Harm reductionists advocate for solutions such as opening safe consumption sites, pushing for a safe, regulated supply of drugs, expanding access to methadone and buprenorphine, and pushing for decriminalization, regulation, and legalization of substances. It is crucial to address these issues to reduce the impact of climate change on drug overdose deaths in the United States.

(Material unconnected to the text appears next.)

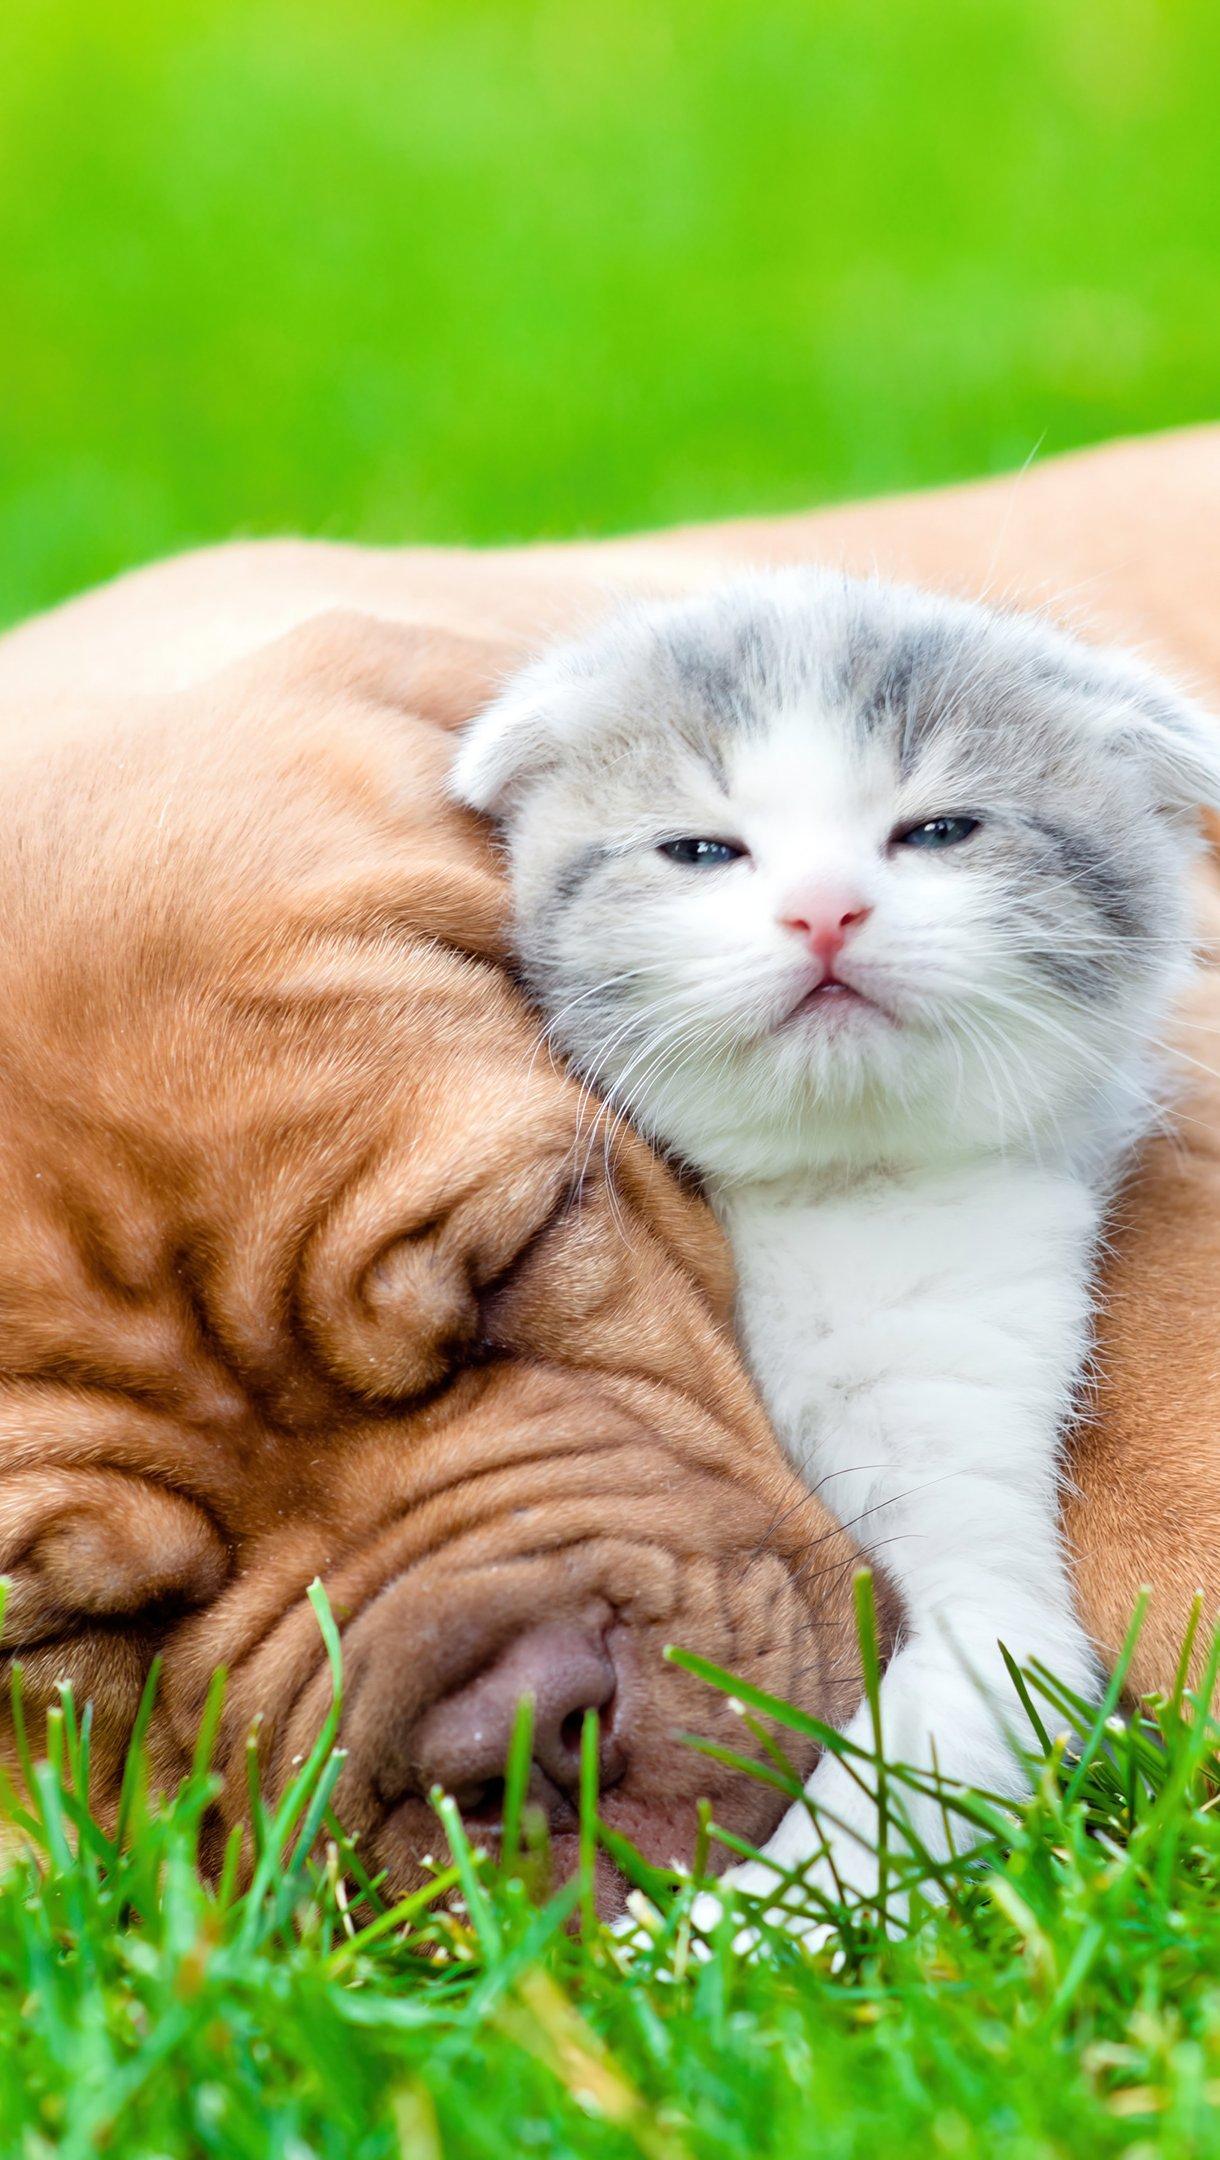 Fondos de pantalla Bulldog y gato Vertical

Sharing needles and drug equipment can lead to an increase in infectious diseases like HIV. Providers who prescribe drugs like methadone and buprenorphine are often subject to cumbersome regulations, making it difficult to get people their medication, especially during a climate-induced emergency. Similar barriers were reported by health providers in New York City in the aftermath of Hurricane Sandy and by providers who were dealing with new patients who had been evacuated from New Orleans in the aftermath of Katrina.

In conclusion, climate change is exacerbating environmental factors that increase the risk of drug overdose deaths in the United States. It is essential to address these issues by implementing harm reduction strategies and improving access to medication and resources for people struggling with substance use disorders. The overall goals of ending the drug war and addressing climate change require a similar expansive imagination and are often met with derision from status quo politicians.